SAN DIEGO–(BUSINESS WIRE)–Innovative Industrial Properties, Inc. (the “Company”) (NYSE: IIPR) announced today that its operating partnership, IIP Operating Partnership, LP (the “Operating Partnership”), priced a private offering of $300 million aggregate principal amount of 5.50% Senior Notes due 2026 (the “notes”). The notes mature on May 25, 2026. Interest on the notes is payable semiannually on May 15 and November 15 of each year, with the first payment on November 15, 2021. The offering is expected to close on May 25, 2021, subject to customary closing conditions.
The notes will be the Operating Partnership’s general unsecured and unsubordinated obligations, will be fully and unconditionally guaranteed by the Company and the Operating Partnership’s subsidiaries, and will rank equally in right of payment with all of the Operating Partnership’s existing and future senior unsecured indebtedness, including its 3.75% Exchangeable Senior Notes due 2024. The Operating Partnership may redeem some or all of the notes at its option at any time and from time to time at the applicable redemption price. Upon a change of control triggering event, the Operating Partnership will be required to make an offer to purchase each holder’s notes at a purchase price equal to 101% of the principal amount thereof, plus accrued and unpaid interest to, but excluding, the date of purchase.
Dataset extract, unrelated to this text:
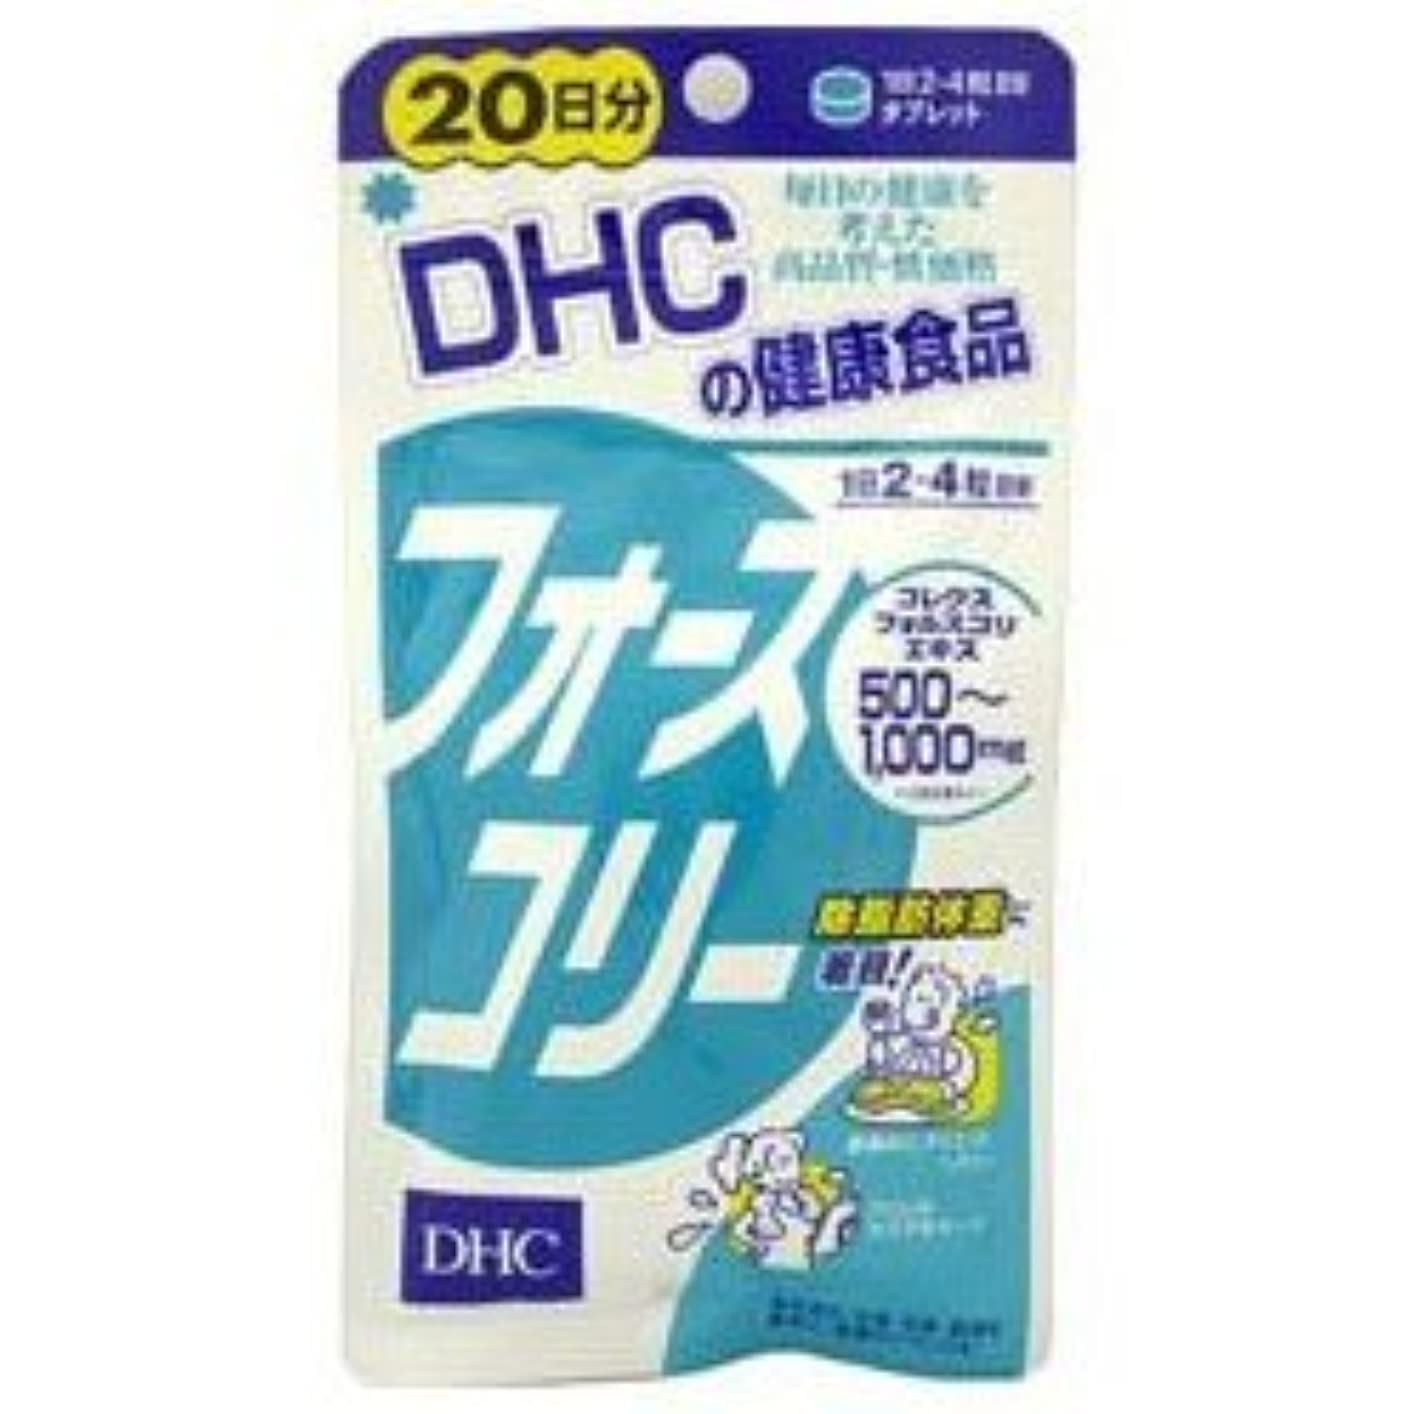 品種カタログ観客【DHC】フォースコリー 20日分 (32.4g) ×20個セット

The Operating Partnership intends to use the net proceeds from this private offering to invest in specialized industrial real estate assets that support the regulated cannabis industry that are consistent with its investment strategy, and for general corporate purposes.
This press release is neither an offer to sell, nor a solicitation of an offer to buy, any of these securities and shall not constitute an offer, solicitation or sale in any jurisdiction in which such offer, solicitation or sale is unlawful. Any offer of these securities will be made only by means of a private offering memorandum.
The notes are being offered and will be sold only to qualified institutional buyers pursuant to Rule 144A under the Securities Act of 1933, as amended (the “Act”), and to non-U.S. persons in transactions outside the United States pursuant to Regulation S under the Act. The notes will not be registered under the Act or any state securities laws, and unless so registered, may not be offered or sold in the United States except pursuant to an exemption from the registration requirements of the Act and applicable state laws. The Operating Partnership does not intend to apply to list the notes on any securities exchange or automated dealer quotation system.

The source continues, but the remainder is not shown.